Понравился красавец обер-лейтенант и родителям Ирены. Особенно Рейхенталь часто вступал с ним в долгие дебаты, во время которых Комарек не раз убеждался, что у этого финансиста бывают довольно интересные наблюдения, правда, большей частью весьма циничные и нередко задевавшие гостя, — хозяин дома позволял себе быть совершенно бесцеремонным…
— В чем, собственно, вы, офицеры, находите удовлетворение? Я говорю о сознании своей полезности, о смысле своего существования. Я вот имею дело с подлинными ценностями, приумножаю их, соучаствую в превращении их в новые ценности, в источники ценностей, в новые предприятия и поэтому в точности знаю, зачем я в этом мире.

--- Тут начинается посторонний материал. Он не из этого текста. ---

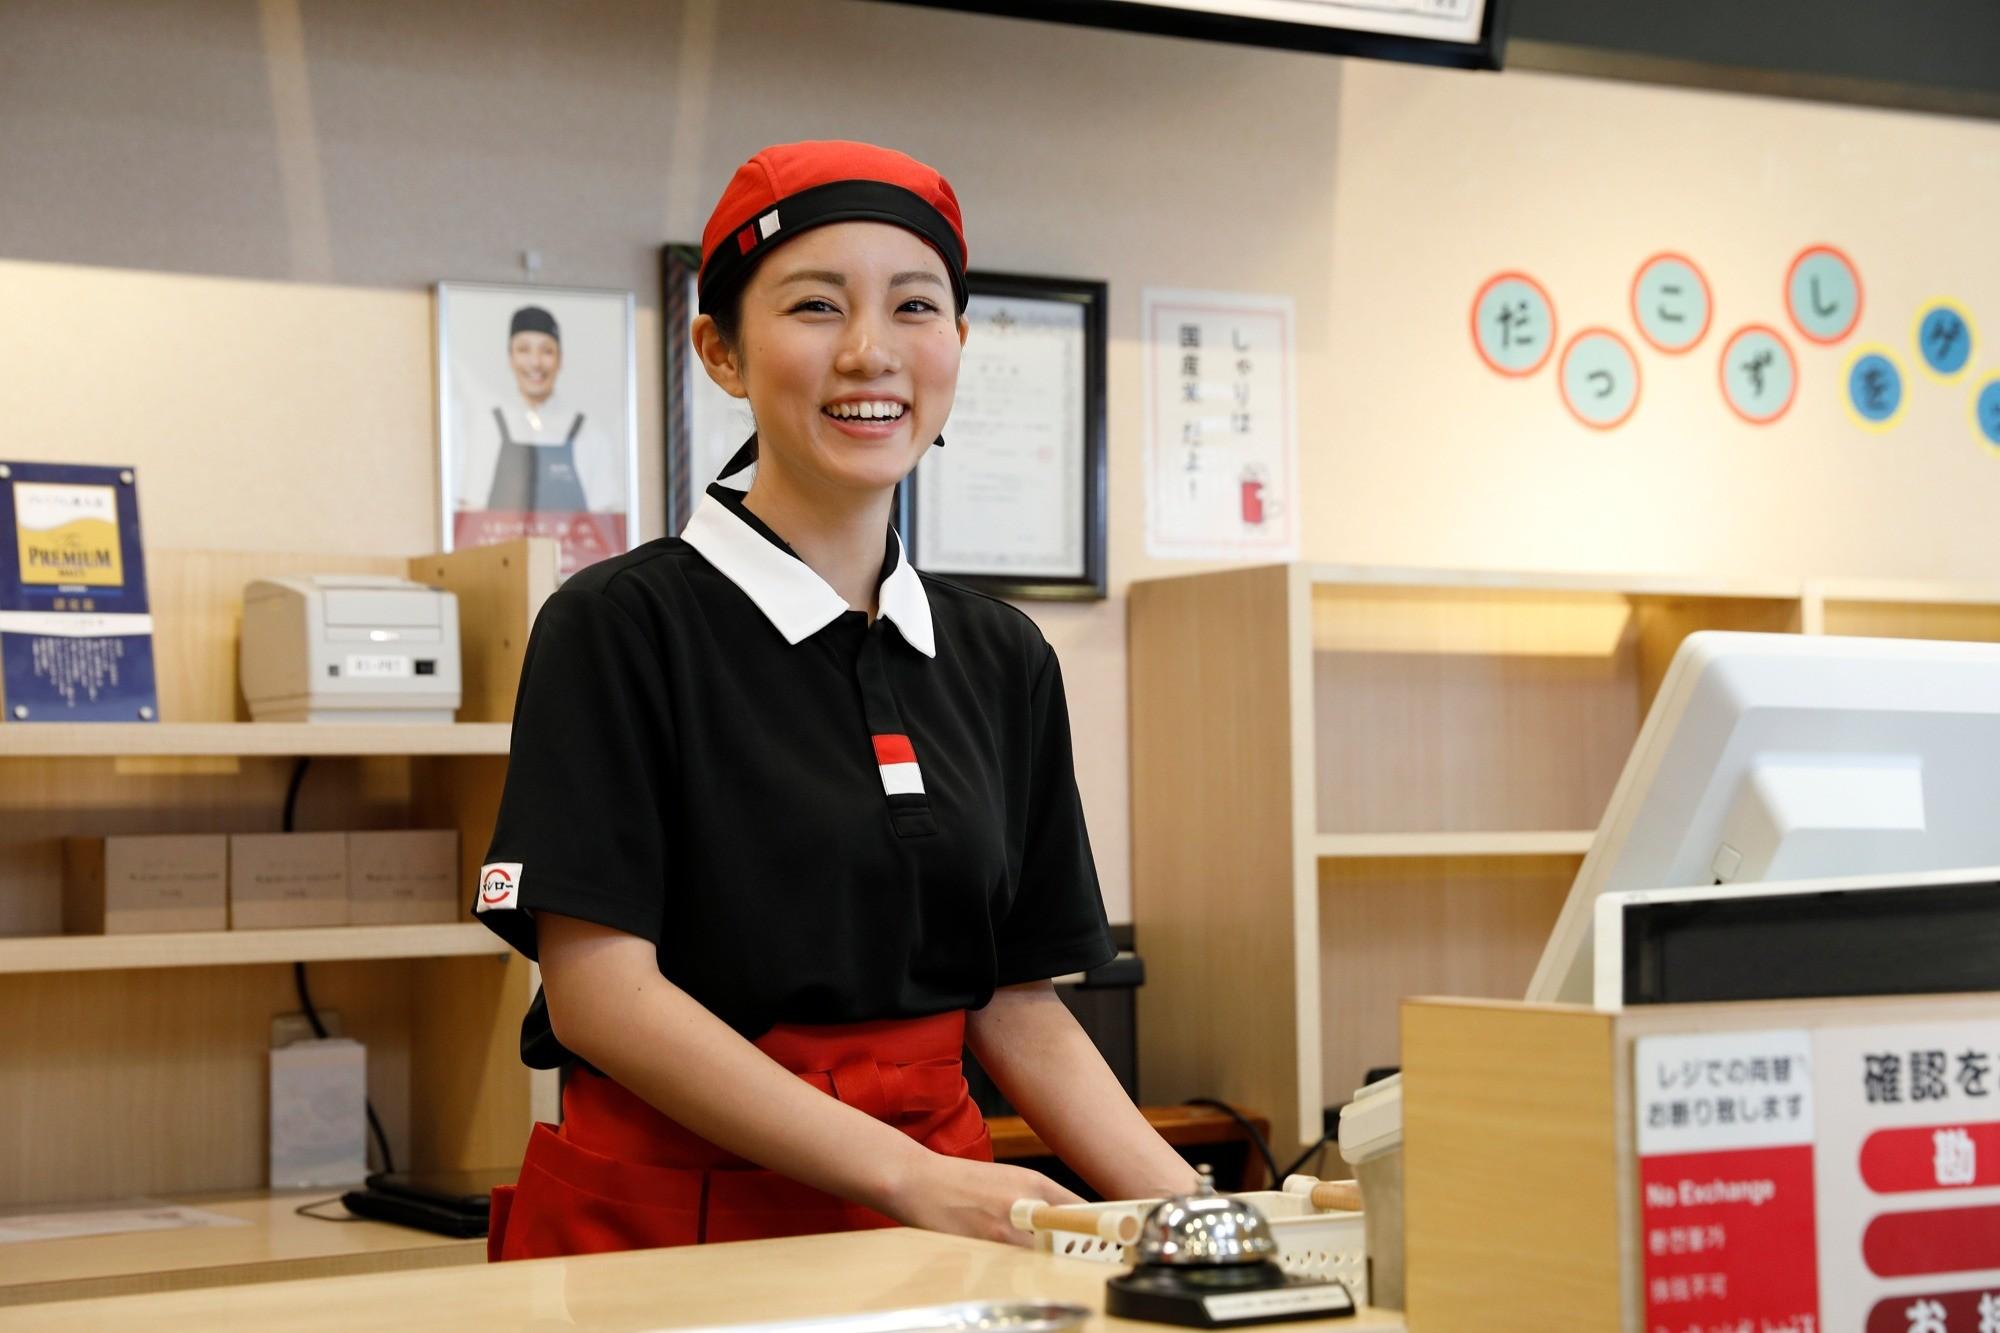 スシロー 藤沢大庭店のイメージ

Вас же, по сути дела, всю жизнь воспитывают для того, чтобы вы были готовы к тому легендарному, решительному моменту, который, однако, так никогда и не наступит. По крайней мере при нашей с вами жизни этого не случится.
В отличие от отца с его довольно-таки обидными высказываниями, Ирена о Комареке и ему подобных судила совершенно иначе. Когда на первых порах ее родители критически было отнеслись к молодому визитеру, которого им подкинул их добрый знакомый генерал Гохльгебель, Ирена тут же решилась выступить на его защиту, проявив при этом необычайную смелость.

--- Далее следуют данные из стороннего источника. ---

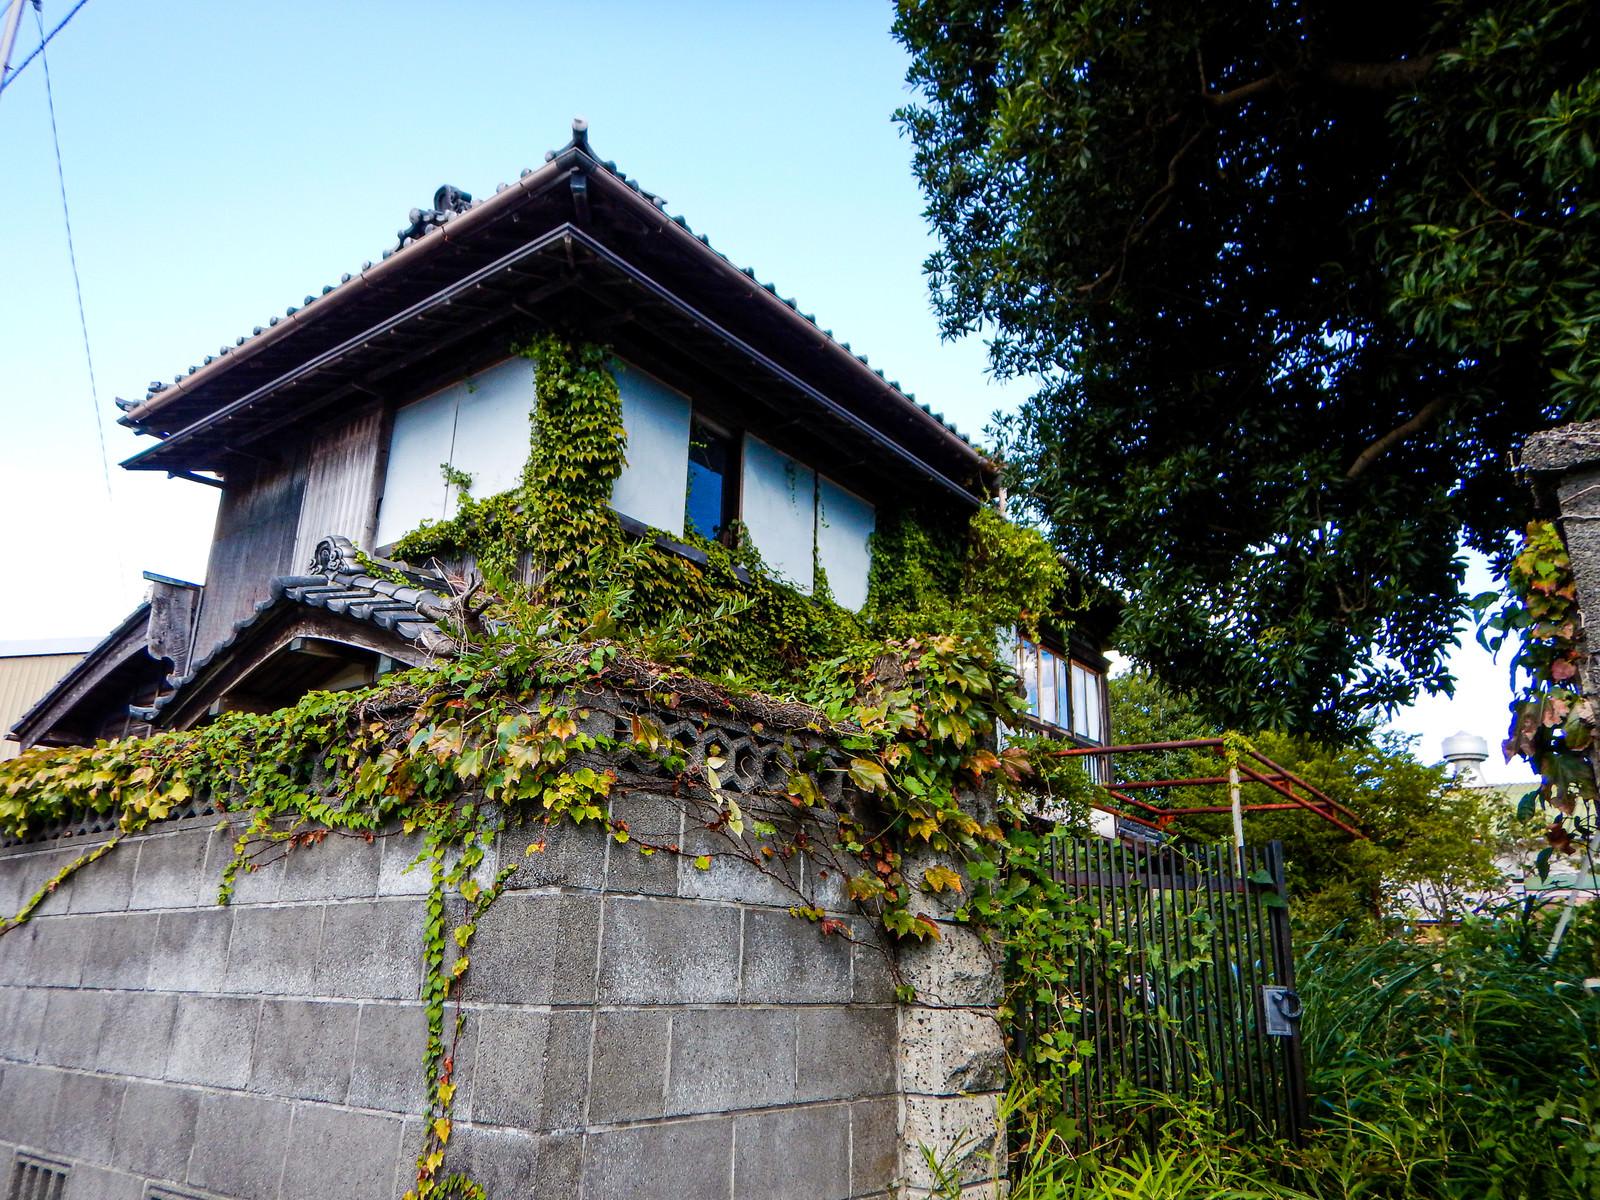 「ツタの張った廃屋の一軒家」の写真

— Это как раз то, что мне было нужно, — наконец-то отдохнуть от вашего вечного идолопоклонства перед деньгами! То, что вас в нем раздражает, мне как раз по душе. Его нисколько не интересует ваша биржа, ценные бумаги, Hausse и baisse{[99]} — просто потому, что у него ничего нет. Но в то же время это дает ему неограниченную свободу и чувство независимости, а чувство свободы рождает грезы, стремления, мечты о счастье… о счастье…
Когда впоследствии Ирена рассказывала Комареку об этом своем «излиянии», правда, надлежащим образом подретушировав его, он был вынужден мгновенно уклониться от ее взгляда, ставшего в ту минуту ярым и проникновенным, как огонь.
Он предпринимал отчаянные усилия, чтобы удержать их отношения на уровне «родства душ» — это романтическое выражение он почерпнул из стихов, к чтению которых добросовестно себя принуждал ради… ах, где он, прошлогодний снег!.. Кроме того, он старался, насколько это было возможно, не оставаться с ней наедине и столь же осмотрительно выбирал темы для разговоров. Следствием этого явилась тягостная неловкость, которую они оба испытывали, поскольку Ирена была слишком умна и чутка, чтобы не догадаться, каково истинное положение вещей.
И к выводу о том, что затягивать дело дольше уже небезопасно, пришли однажды, вне всякого сомнения, родители Ирены, так как все визиты Комарека походили один на другой, а душевное состояние дочери начинало внушать матери серьезные опасения. В результате обер‑лейтенант Комарек получил однажды от дядюшки-генерала строгий наказ попросить у родителей Ирены ее руки.
Это было исполнено, и поскольку предложения ждали, тут же в узком семейном кругу состоялась помолвка.
Это произошло неделю тому назад, и за все это время жених ни разу не отважился показаться на глаза невесте.
Весть о возможном военном конфликте Комарек в этой ситуации воспринял как глас ангельской трубы, от звуков которой рухнут стены Иерихона и он, Комарек, выйдет из развалин своего обручального узилища независимый и свободный, даже если ему придется тотчас пойти на смерть! Правда, девяностодевятипроцентная вероятность (Комарек неохотно признавался себе в этом) основывалась главным образом на его собственном желании и личину правдоподобности надела на себя, видимо, только затем, чтобы у него отлегло от сердца. Потому что, вообще-то, в казино, в казарме, всюду, куда бы он ни пришел, о войне говорили как о чем-то совершенно неправдоподобном, а если и допускали возможность ее возникновения, то тут же спешили добавить, что все равно это будет лишь увеселительная прогулка, что австрийские солдаты закидают сербов шапками, причем еще до того, как русский медведь очухается.
Но прежде чем выяснилось, кто прав, последовал очередной генеральский приказ: довольно пребывать в нетях, немедленно явиться к Рейхенталям!
Разумеется, приказа не ослушались: «Zu Befehl, liebster Onkel!»{[100]}, и таким образом обер-лейтенант Комарек снова объявился на указанном плацдарме в парадной форме с иголочки, с тремя розами и с весьма убедительным объяснением, почему его не было целую неделю.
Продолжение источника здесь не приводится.